Under CIAs, providers must promptly notify the appropriate payer of all identified overpayments and must promptly repay the overpayment amount in a manner consistent with the payer's policies. In addition, providers are expected to develop and implement written policies and procedures to ensure that overpayments are identified, quantified, and repaid in accordance with the CMS overpayment rule and other applicable federal healthcare program requirements.
Although all identified overpayments should be refunded to the appropriate payer, a provider under a CIA does not need to report to OIG all identified overpayments at the time it reports such amounts to the payer. However, the provider must report to OIG within 30 days all "reportable events" as defined by the CIA. A "reportable event" generally means anything that involves:
- A substantial overpayment
- A matter that a reasonable person would consider a potential violation of criminal, civil, or administrative laws applicable to any federal healthcare program for which penalties or exclusion may be authorized
- The employment of or contracting with an ineligible person (as defined in the CIA)
- The filing of a bankruptcy petition
Select an Independent Review Organization (IRO)

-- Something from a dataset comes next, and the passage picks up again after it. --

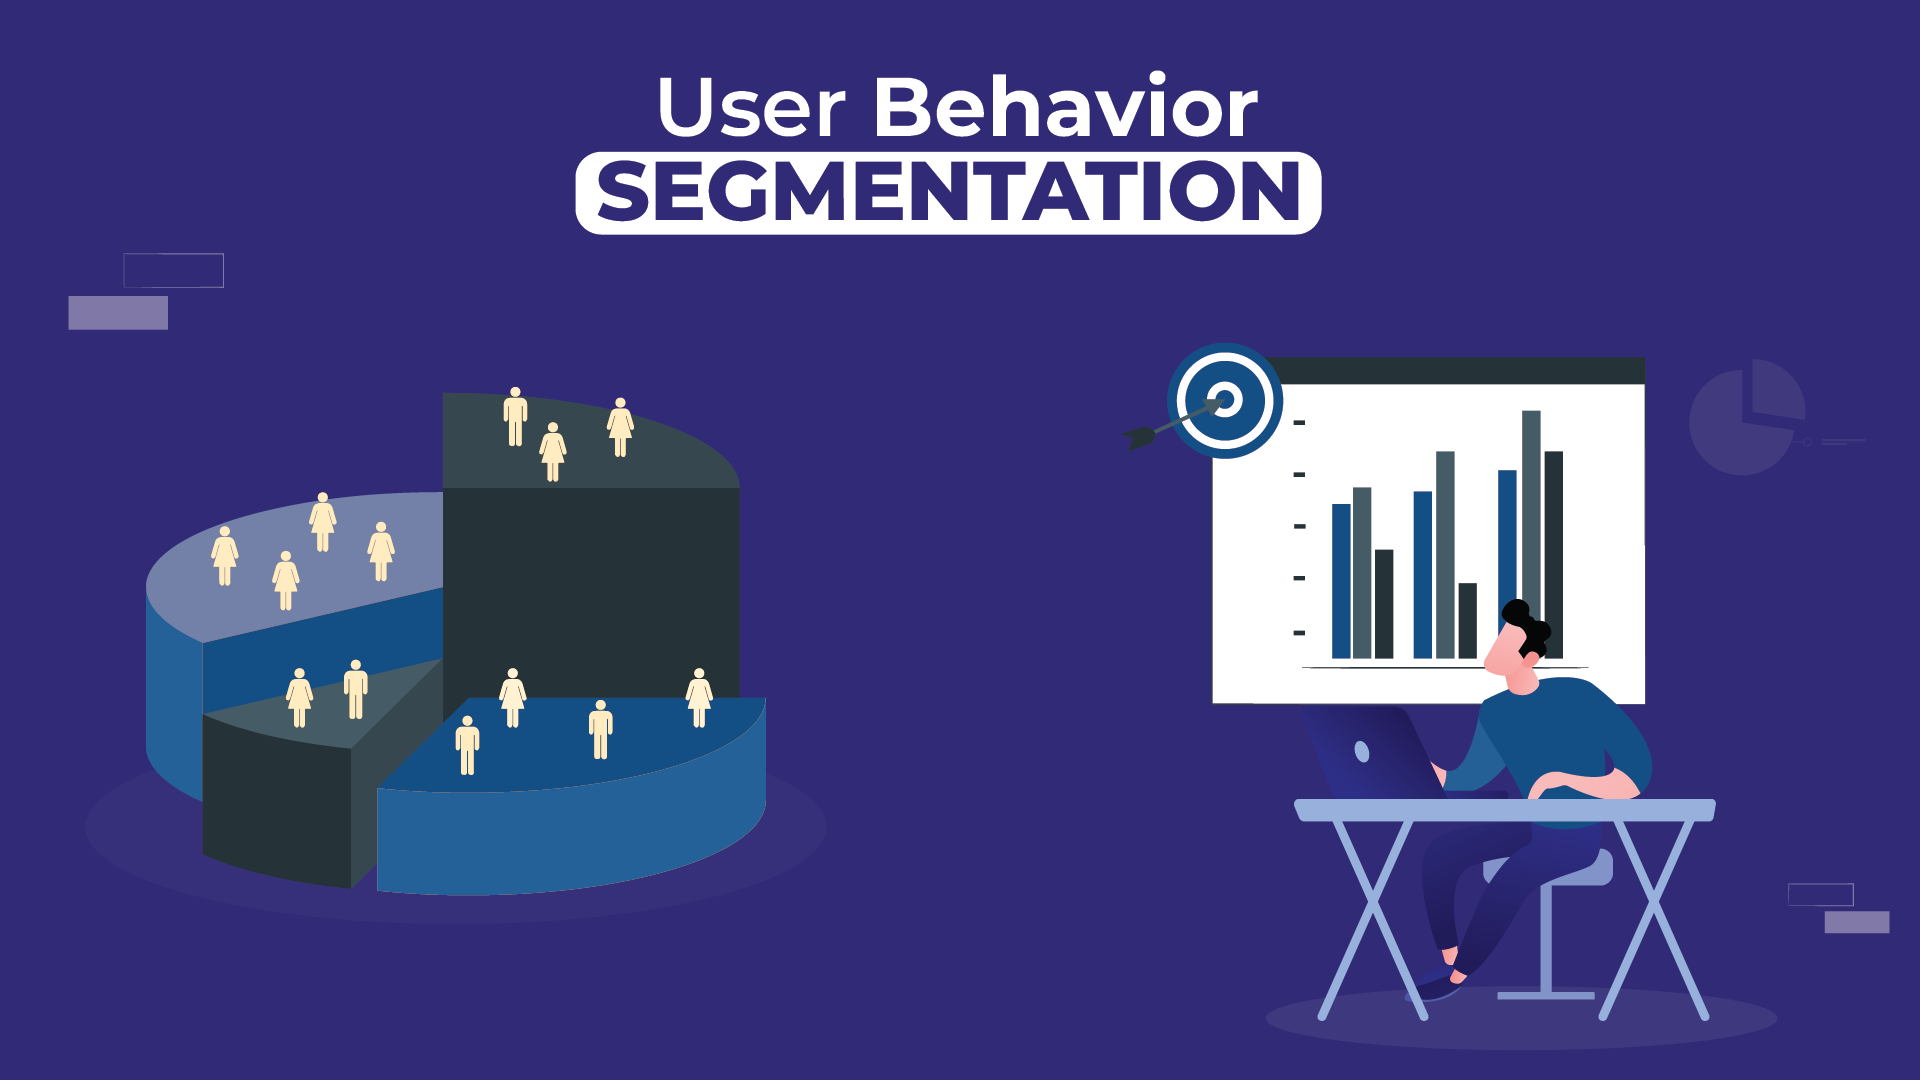 User behavior segmentation

An IRO acts as a third-party medical review resource that provides objective, unbiased audits and reports. An auditor working as an IRO needs to understand the CIA of their client, including specific terms that may affect the auditing or reporting of the IRO.
The OIG will not endorse a particular IRO, but most CIAs include language that gives the OIG the opportunity to notify a provider if its choice of IRO is unacceptable within 30 days of written notice identifying the IRO. If the OIG has concerns regarding the quality of the review, qualifications, or independence of the IRO during the term of the CIA, it will make the concerns known and may request the agreement with the IRO be terminated and another IRO be retained.
What is a Certificate of Compliance Agreement (CCA)?
In November 2001, Inspector General Janet Rehnquist issued an Open Letter to Healthcare Providers announcing modifications to OIG policies as a response to concerns regarding the civil settlement process. It also stated circumstances that the OIG would consider relative to a Corporate Integrity Agreement:
Whether the provider self-disclosed the alleged misconduct
The monetary damage to the federal healthcare programs
Whether the case involves successor liability
Whether the provider is still participating in the federal healthcare programs or in the line of business that gave rise to the fraudulent conduct
Whether the alleged conduct is capable of repetition
The age of the conduct
Whether the provider has an effective compliance program and would agree to limited compliance or integrity measures and would annually certify such compliance to the OIG
Other circumstances, as appropriate
This letter introduced the concept of the Certificate of Compliance Agreement (CCA). These CCAs require the provider to certify that it will continue to operate its existing compliance programs and to report to OIG for a period, usually three years.